ACTIVITY:
No pictures go into the copy. Write out every line below exactly.

COLLECTED MATERIAL:
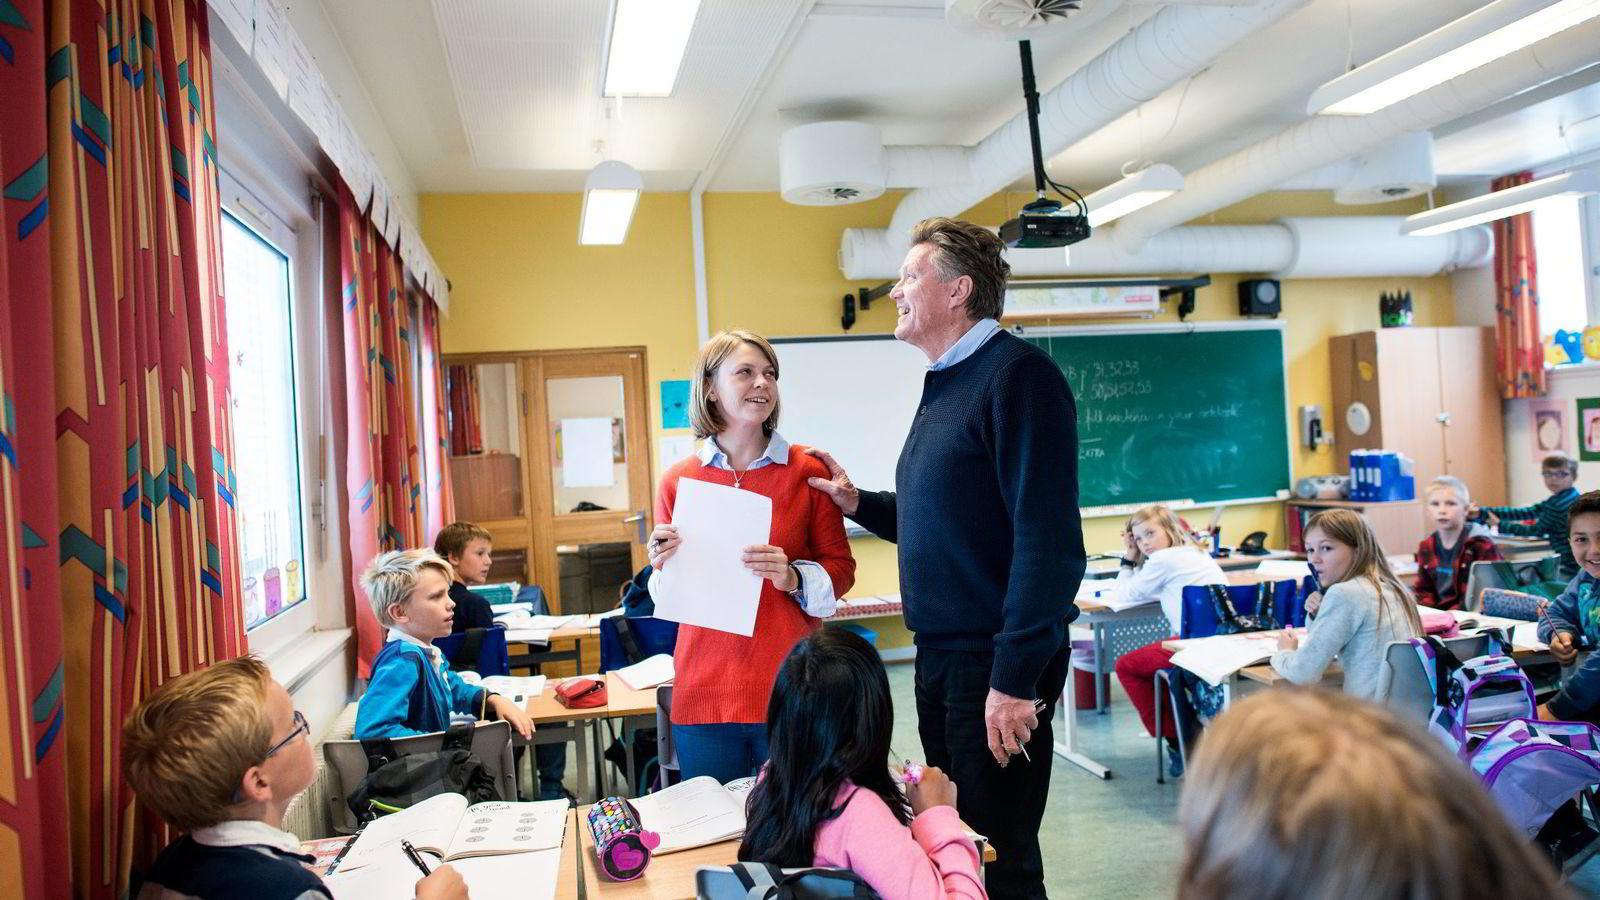 PRINSESSESKOLE. Byrådet i Oslo går inn for å opprette en offentlig IB-linje på grunnskolenivå, som et alternativ til Oslo International School. Her lærer Anne-Marte Ravnestad, rektor på Manglerud skole Tom Moen og klasse 5A.
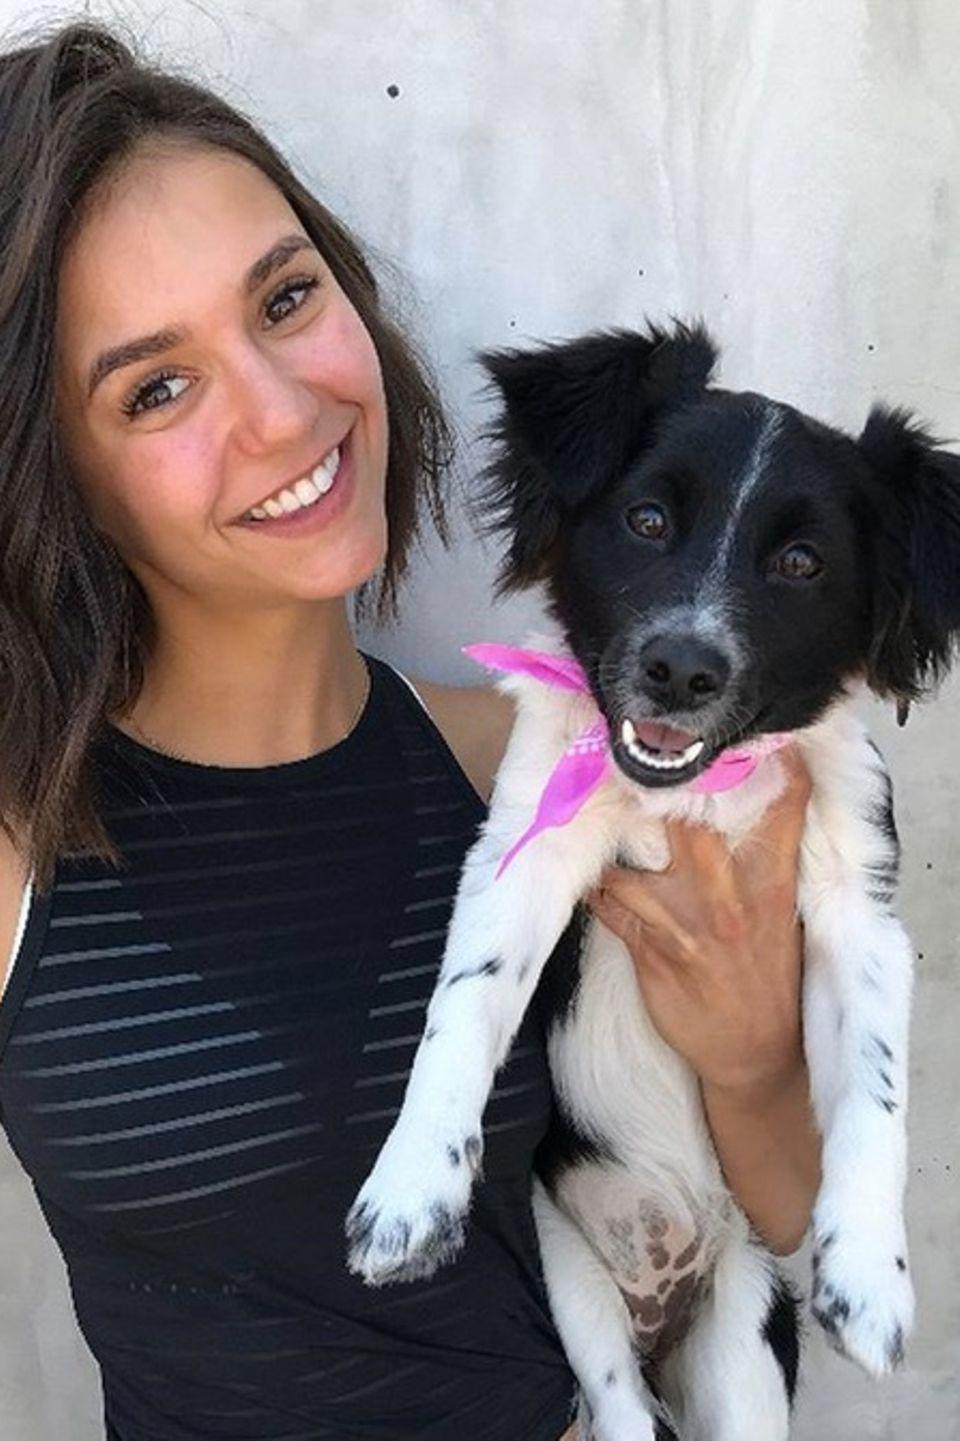 Große Hundeliebe auch bei Nina Dobrev. Ihre süße Hündin feiert am Valentinstag ihren ersten Geburtstag. Dies nimmt Nina Dobrev zum Anlass, viele süße Fotos von sich und dem flauschigen Vierbeiner zu posten.
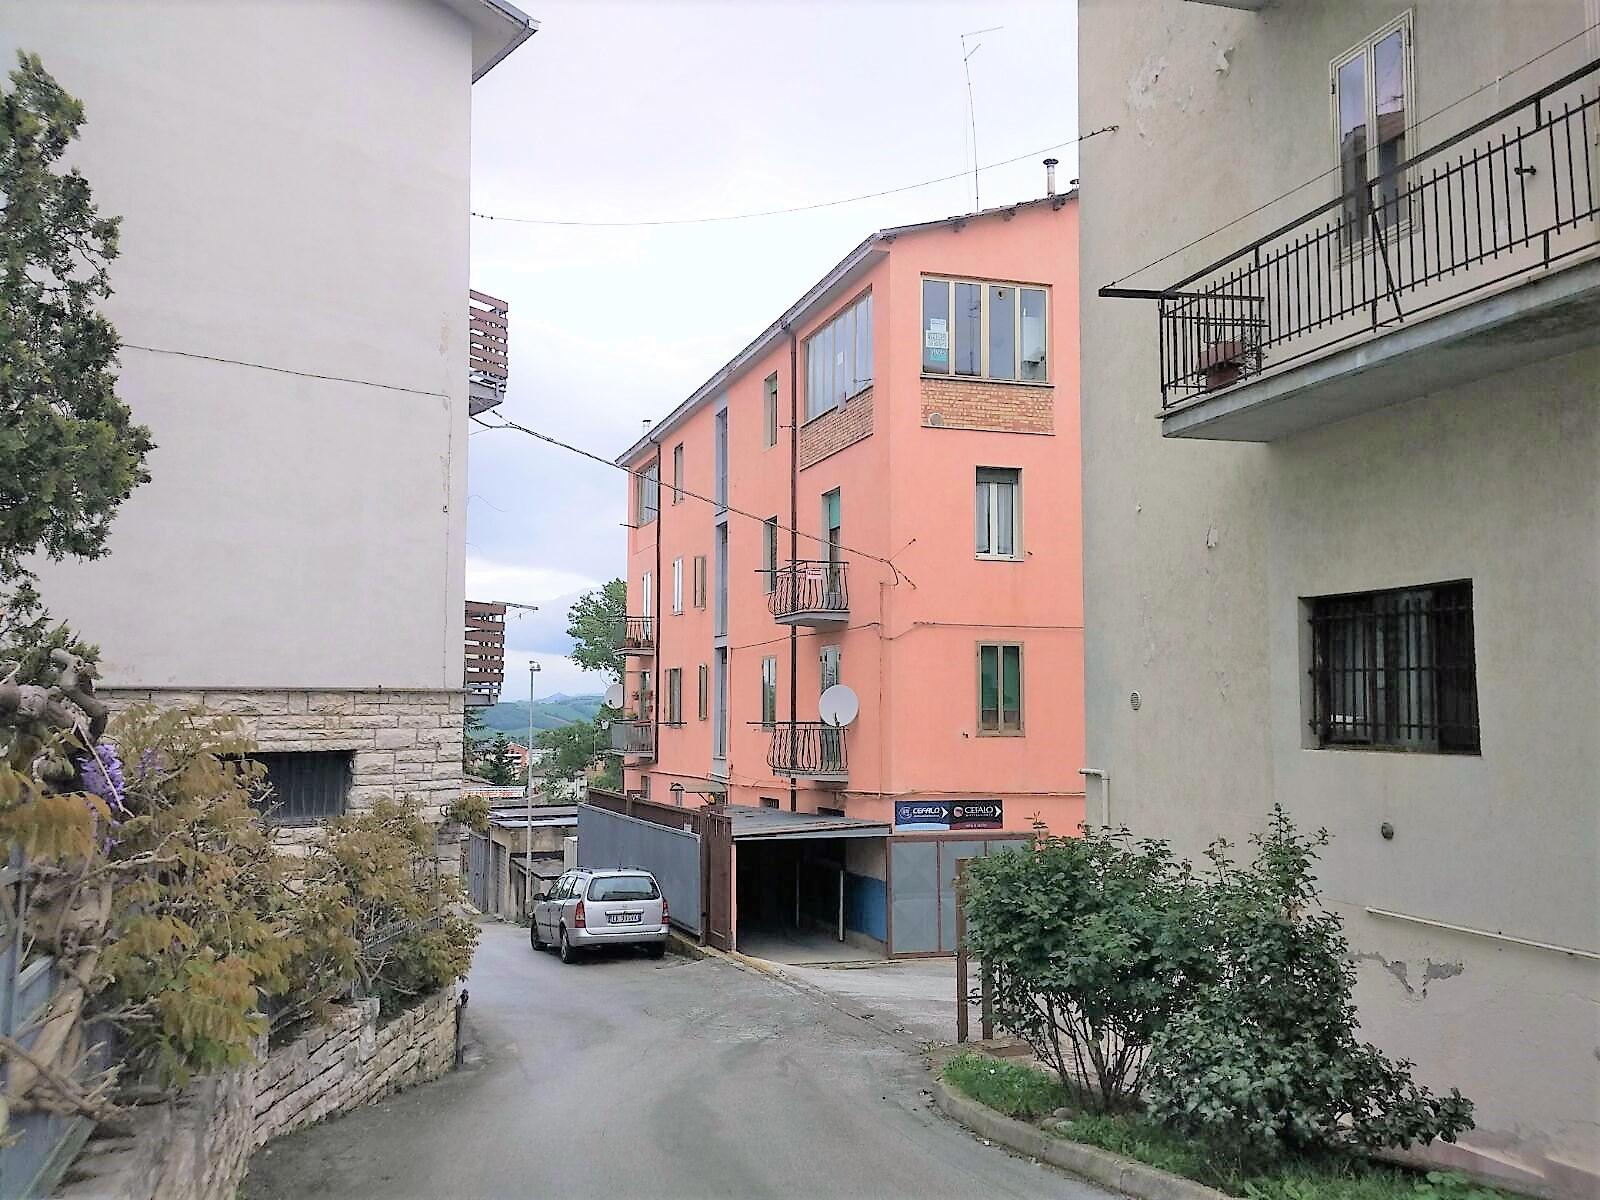 via Duca d'Aosta 130 mq con cantina

SOLVED EXERCISE:
 PRINSESSESKOLE. Byrådet i Oslo går inn for å opprette en offentlig IB-linje på grunnskolenivå, som et alternativ til Oslo International School. Her lærer Anne-Marte Ravnestad, rektor på Manglerud skole Tom Moen og klasse 5A.
 Große Hundeliebe auch bei Nina Dobrev. Ihre süße Hündin feiert am Valentinstag ihren ersten Geburtstag. Dies nimmt Nina Dobrev zum Anlass, viele süße Fotos von sich und dem flauschigen Vierbeiner zu posten.
 via Duca d'Aosta 130 mq con cantina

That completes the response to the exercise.